Custom Embedding Configuration (Without plugin-openai)

If you're not using plugin-openai or want to use different embedding settings:

# Required embedding settings
EMBEDDING_PROVIDER=openai  # or google
TEXT_EMBEDDING_MODEL=text-embedding-3-small

# Provider-specific API key
OPENAI_API_KEY=your-openai-api-key  # if using openai
# OR GOOGLE_API_KEY=your-google-api-key  # if using google

# Optional: Custom embedding dimension
EMBEDDING_DIMENSION=1536

Advanced Configuration

Recommended Configurations for Contextual Knowledge

For optimal performance with contextual Knowledge, we recommend these provider combinations:

Option 1: OpenRouter with Claude/Gemini (Best for cost efficiency)

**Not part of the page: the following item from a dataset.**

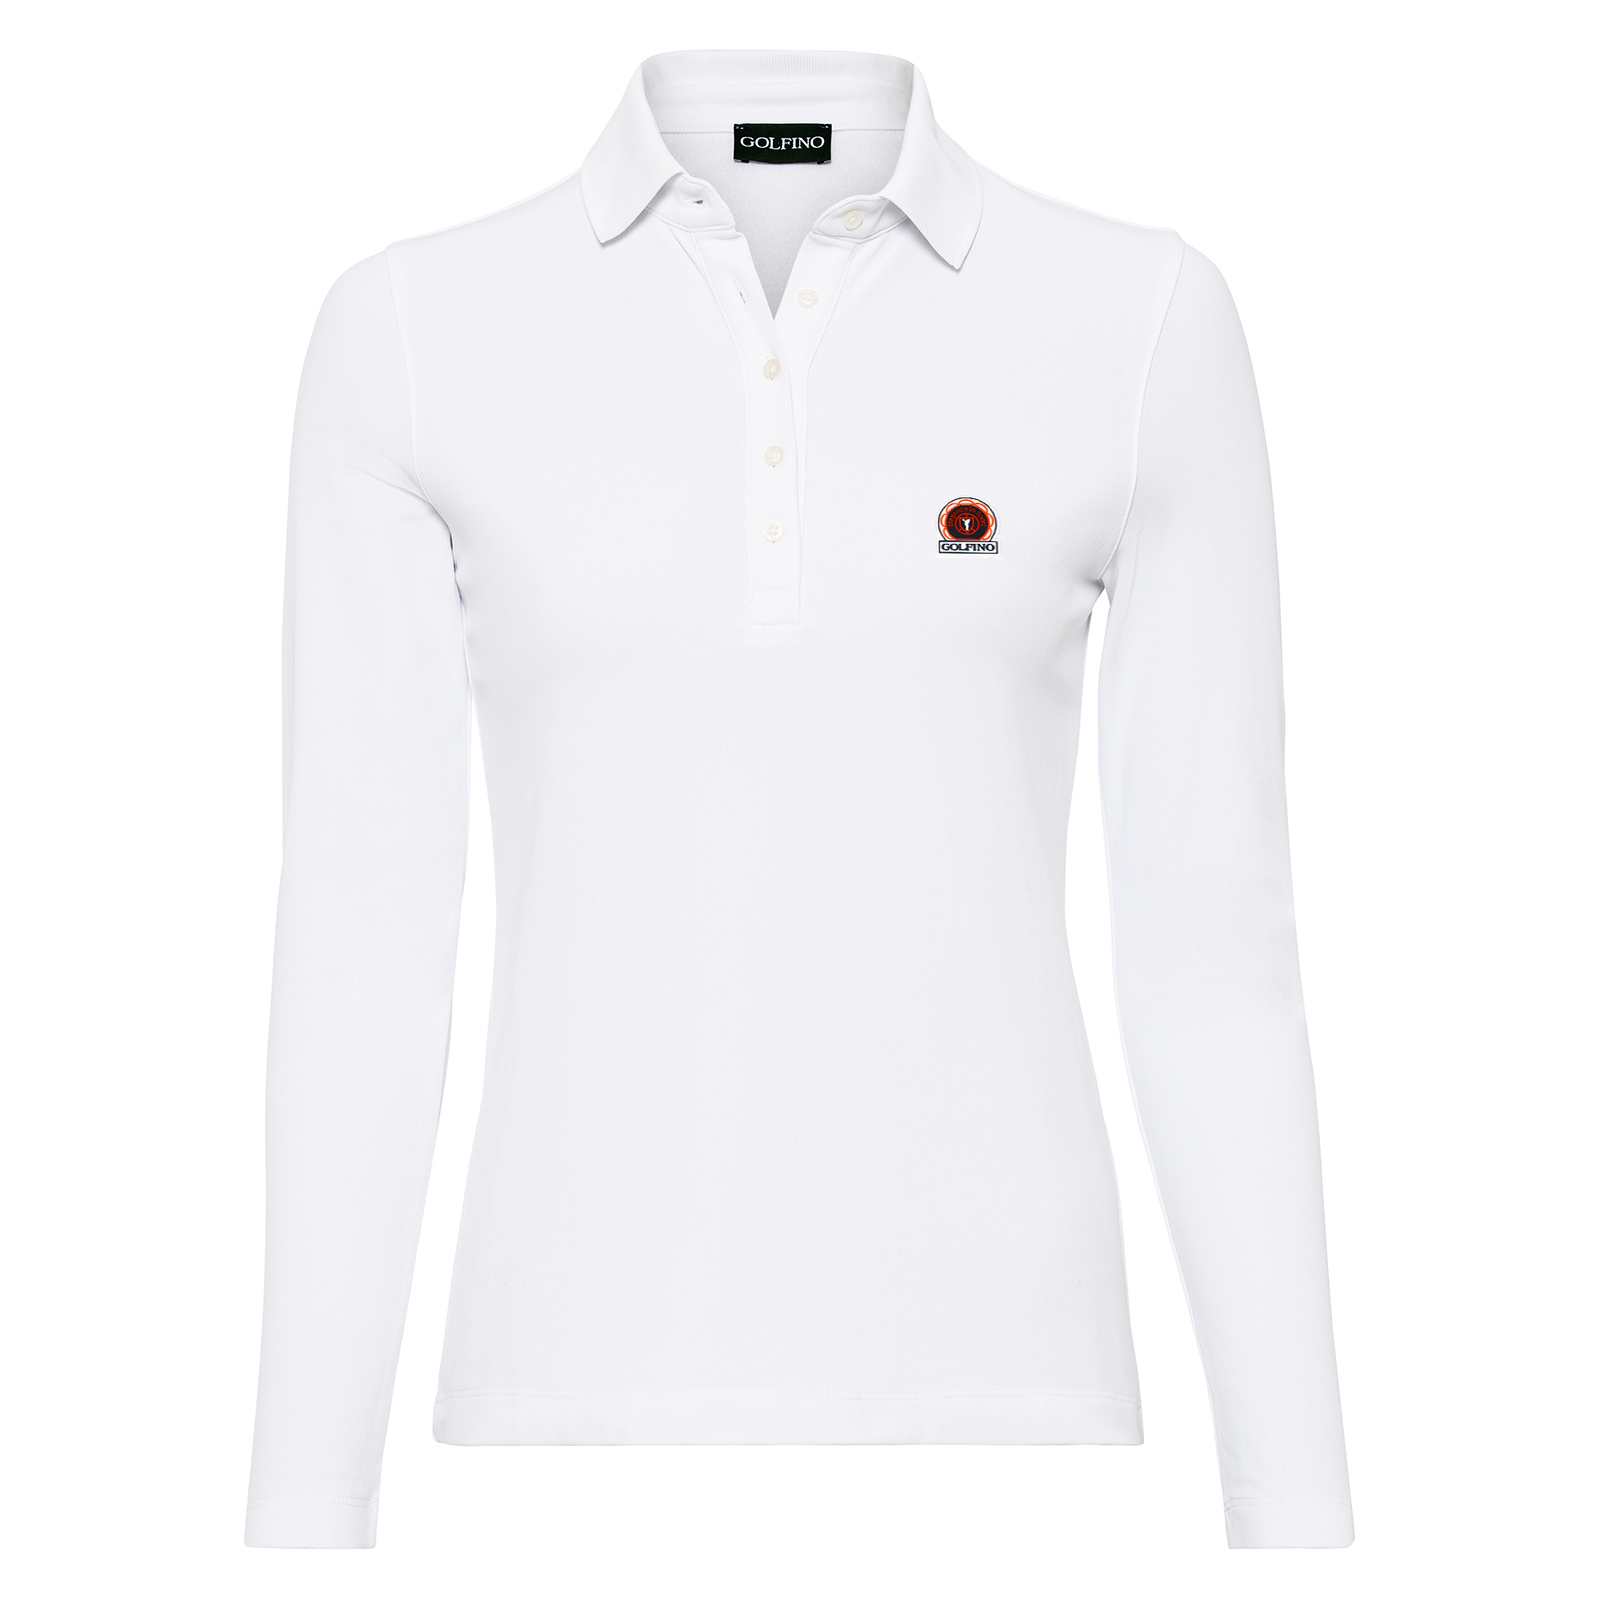 Ladies' moisture-wicking long-sleeved polo shirt with signature logo

# If using with plugin-openai, only need these additions:
CTX_KNOWLEDGE_ENABLED=true
TEXT_PROVIDER=openrouter
TEXT_MODEL=anthropic/claude-3.5-sonnet  # or google/gemini-2.5-flash-preview
OPENROUTER_API_KEY=your-openrouter-api-key

Option 2: OpenAI for Everything

# If using with plugin-openai, only need these additions:
CTX_KNOWLEDGE_ENABLED=true
TEXT_PROVIDER=openai
TEXT_MODEL=gpt-4o

Option 3: Google AI for Everything

EMBEDDING_PROVIDER=google
TEXT_EMBEDDING_MODEL=text-embedding-004
TEXT_PROVIDER=google
TEXT_MODEL=gemini-1.5-pro-latest
GOOGLE_API_KEY=your-google-api-key
CTX_KNOWLEDGE_ENABLED=true

Advanced Rate Limiting Options

# Rate limiting (optional)
MAX_CONCURRENT_REQUESTS=30  # Default: 30
REQUESTS_PER_MINUTE=60      # Default: 60
TOKENS_PER_MINUTE=150000    # Default: 150000

Custom API Endpoints

# Only needed if using custom API endpoints
OPENAI_BASE_URL=https://your-openai-proxy.com/v1
ANTHROPIC_BASE_URL=https://your-anthropic-proxy.com
OPENROUTER_BASE_URL=https://your-openrouter-proxy.com/api/v1
GOOGLE_BASE_URL=https://your-google-proxy.com

Token Limits

# Advanced token handling (optional)
MAX_INPUT_TOKENS=4000   # Default: 4000
MAX_OUTPUT_TOKENS=4096  # Default: 4096

Architecture

The plugin is built with a modular, clean architecture that follows SOLID principles:

packages/plugin-knowledge/
├── src/
│   ├── index.ts           # Main entry point and plugin definition
│   ├── service.ts         # Knowledge service implementation
│   ├── types.ts           # Type definitions
│   ├── llm.ts             # LLM interactions (text generation, embeddings)
│   ├── config.ts          # Configuration validation
│   ├── ctx-embeddings.ts  # Contextual embedding generation
│   ├── document-processor.ts # Shared document processing utilities
│   └── utils.ts           # Utility functions
├── README.md              # This file
└── package.json           # Package definition

Database-Specific Processing Paths

The Knowledge plugin adapts to the database technology being used:

PostgreSQL Mode: Uses worker threads to offload document processing from the main thread
PGLite Mode: Uses synchronous processing in the main thread due to PGLite's single-threaded nature

This allows the plugin to work optimally with both databases while maintaining the same functionality.

Processing Flow

The document processing flow follows these steps regardless of database type:

Extract text from the document based on content type
Store the main document in the database
Split the document into chunks
Generate embeddings for each chunk (with optional context enrichment)
Store the chunks with embeddings in the database

Component Overview

KnowledgeService: Core service that manages document processing and storage
Document Processor: Provides shared document processing utilities for both processing paths

Features

Document upload and processing (PDF, text, and other formats)
Contextual chunking and embedding generation
Robust error handling and recovery
Rate limiting to respect provider limitations
Support for multiple LLM providers

Usage

Basic Usage

import { KnowledgeService } from '@elizaos/plugin-knowledge';

// Add knowledge to an agent
const result = await knowledgeService.addKnowledge({
  clientDocumentId: 'unique-id',
  content: documentContent, // Base64 string for binary files or plain text for text files
  contentType: 'application/pdf',
  originalFilename: 'document.pdf',
  worldId: 'world-id',
  roomId: 'optional-room-id', // Optional scoping
  entityId: 'optional-entity-id', // Optional scoping
});

console.log(`Document stored with ID: ${result.storedDocumentMemoryId}`);
console.log(`Created ${result.fragmentCount} searchable fragments`);

License

See the ElizaOS license for details.